To do:
Write the listing out again word for word. Pictures do not belong in the copy.

The data:
....................

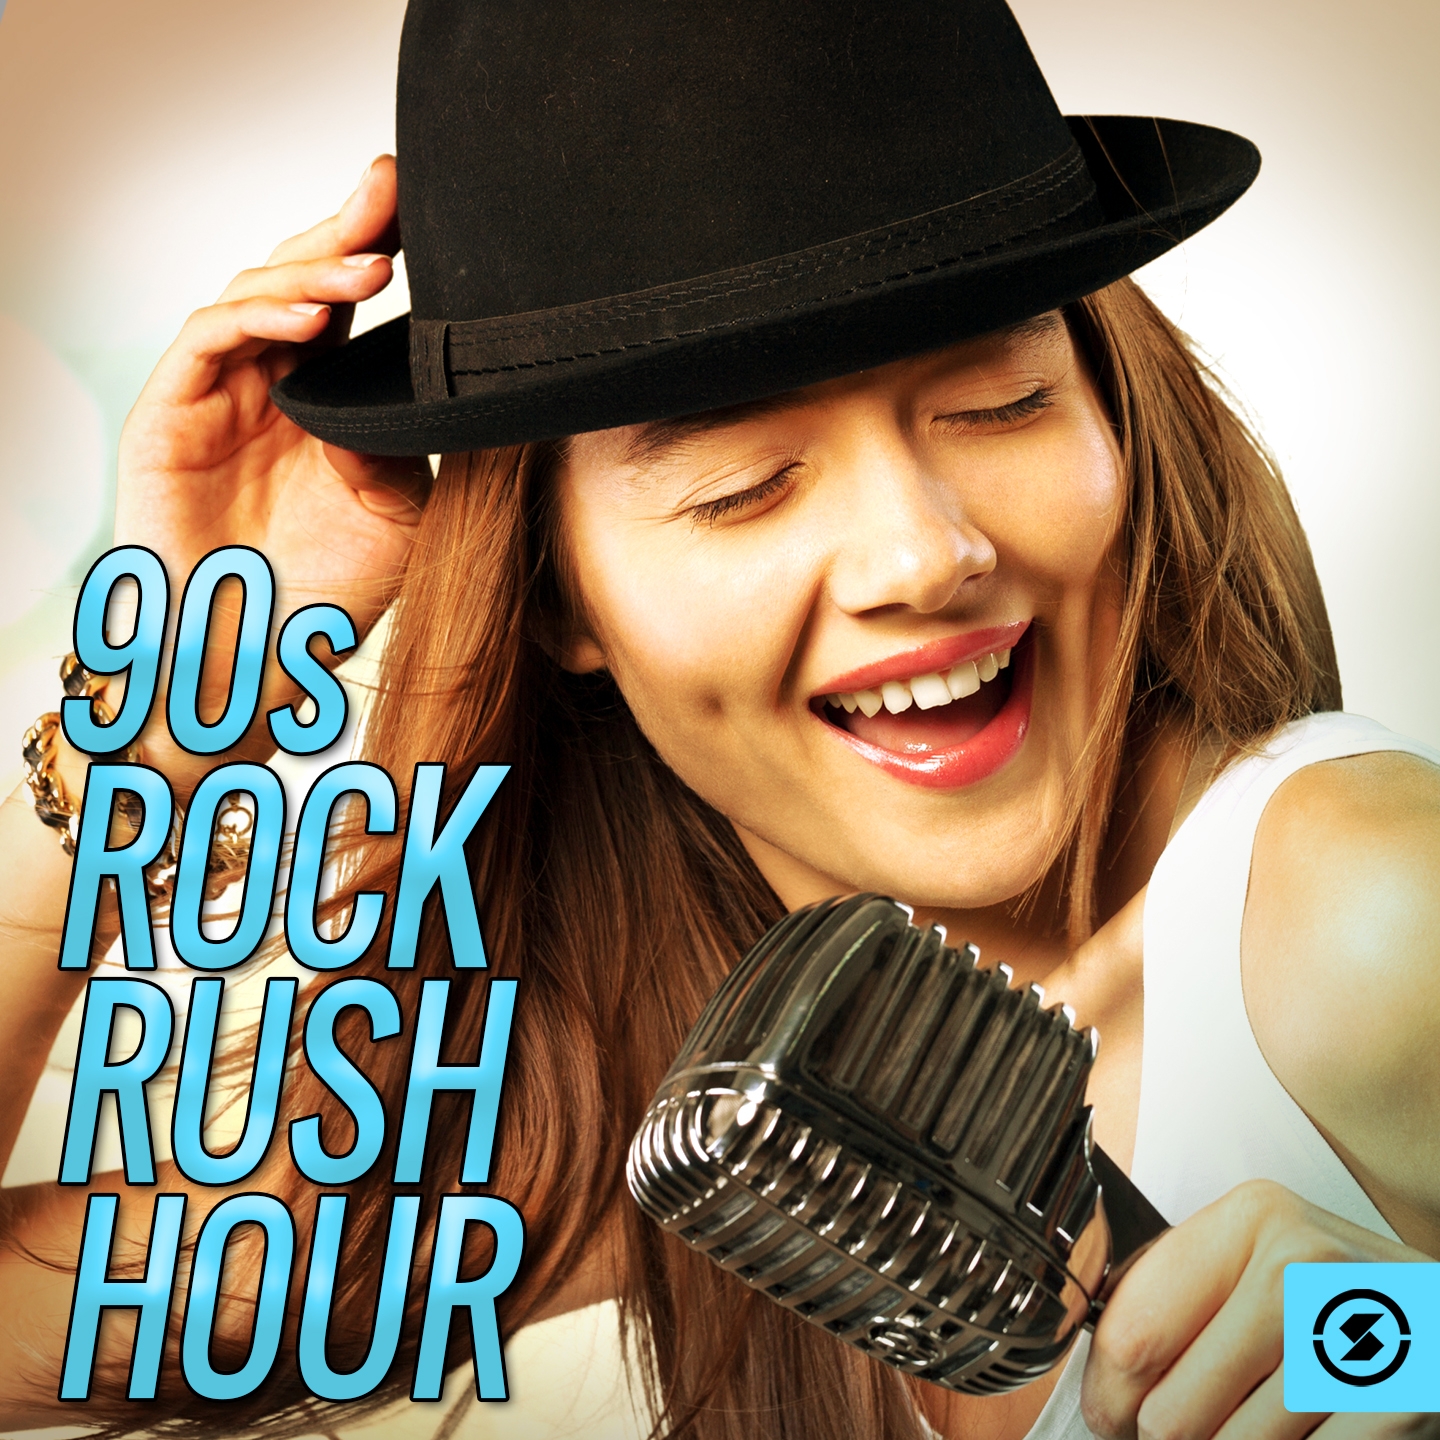 90s Rock Rush Hour
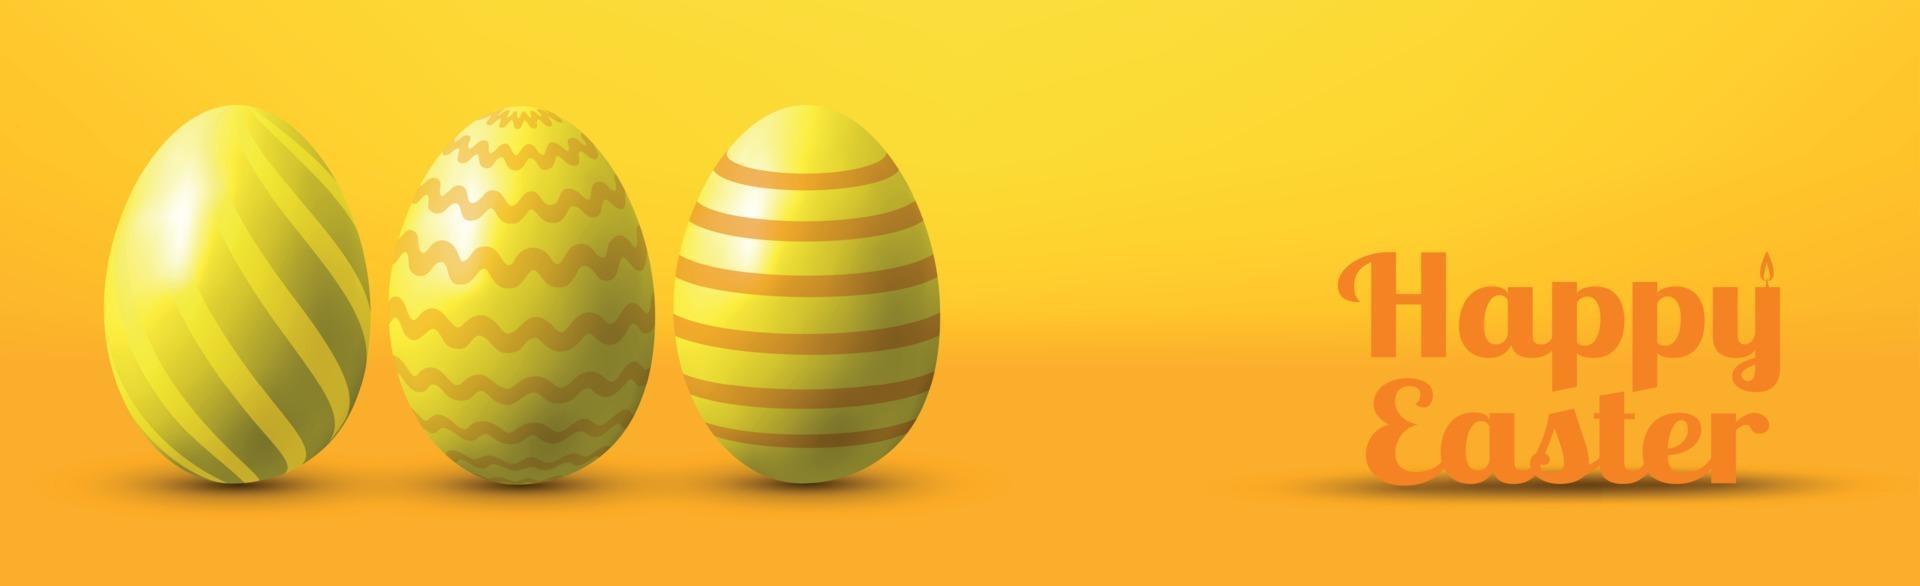 målade ägg på gul bakgrund med gratulationer till påsk - vektorillustration vektor
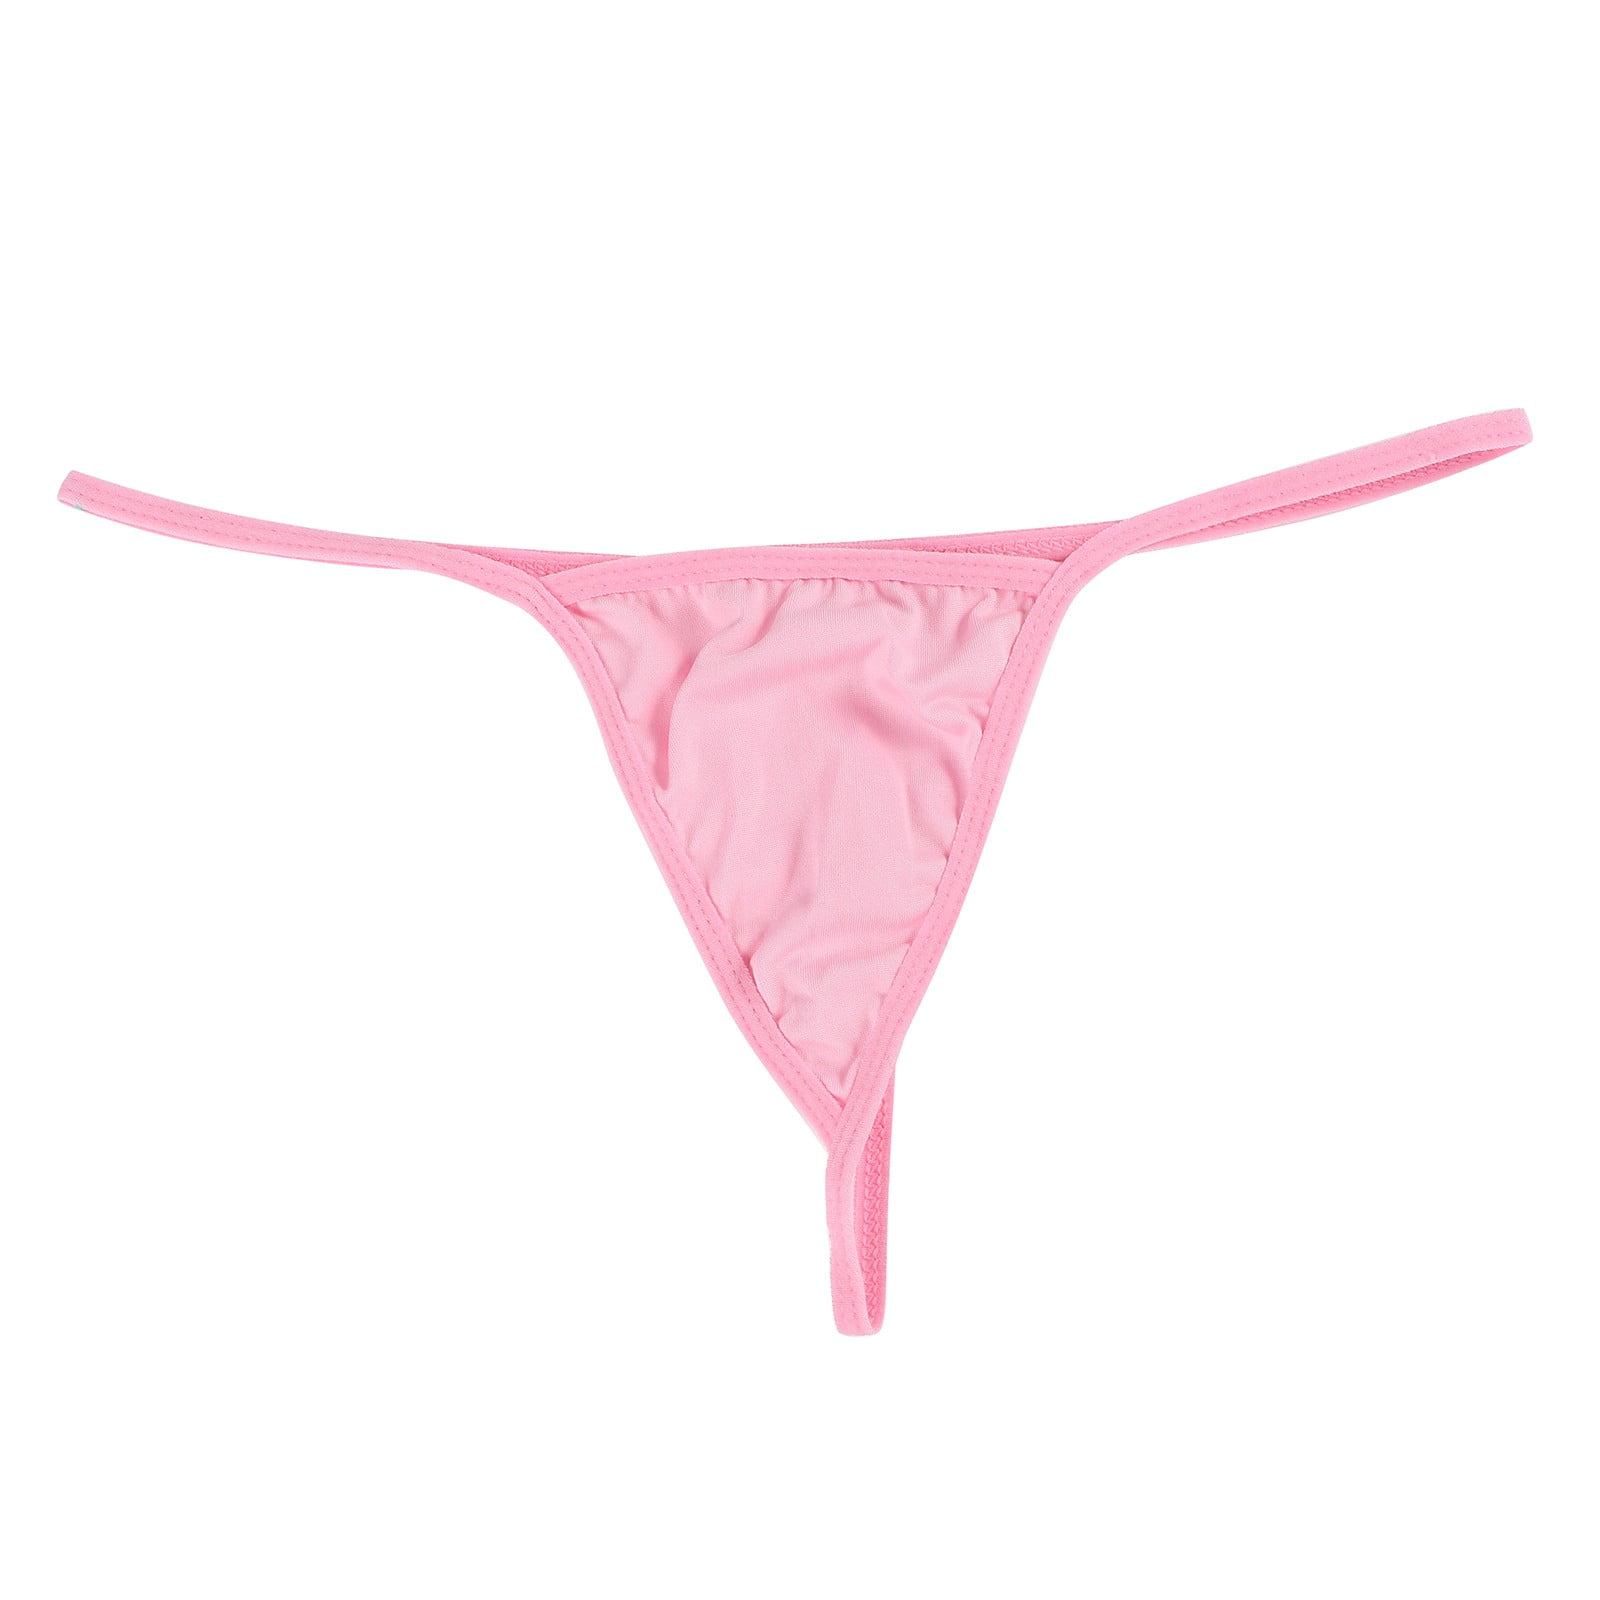 Frehsky underwear women Women Panties Thongs Lingerie Briefs Underwear Pink  
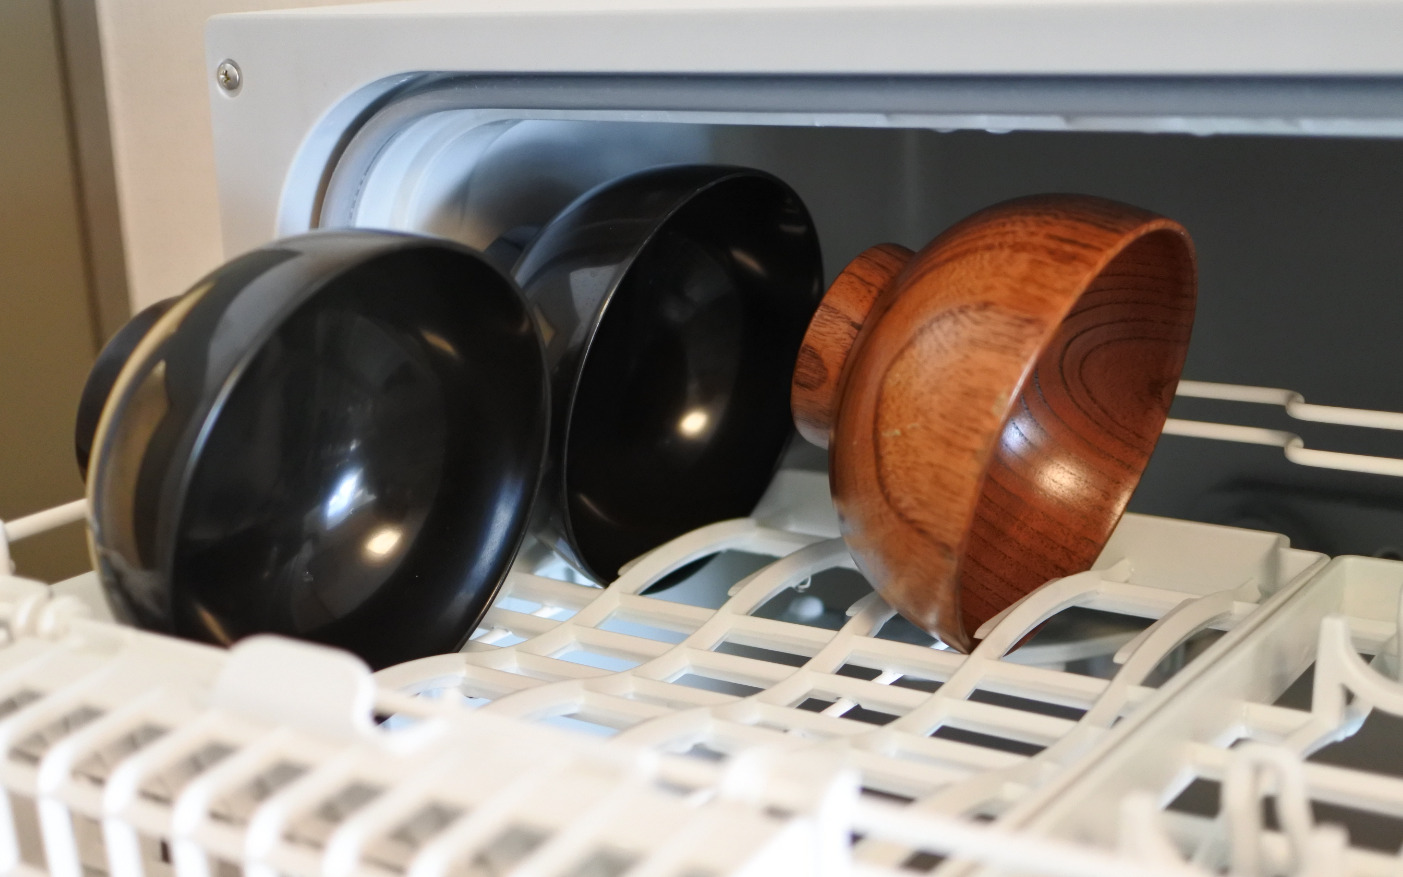 無印良品】汁椀が食洗機で洗えるか1年間検証してみた | タコマ・キシダ・ブログ

....................

Answer to the exercise:
 90s Rock Rush Hour
 målade ägg på gul bakgrund med gratulationer till påsk - vektorillustration vektor
 Frehsky underwear women Women Panties Thongs Lingerie Briefs Underwear Pink  
 無印良品】汁椀が食洗機で洗えるか1年間検証してみた | タコマ・キシダ・ブログ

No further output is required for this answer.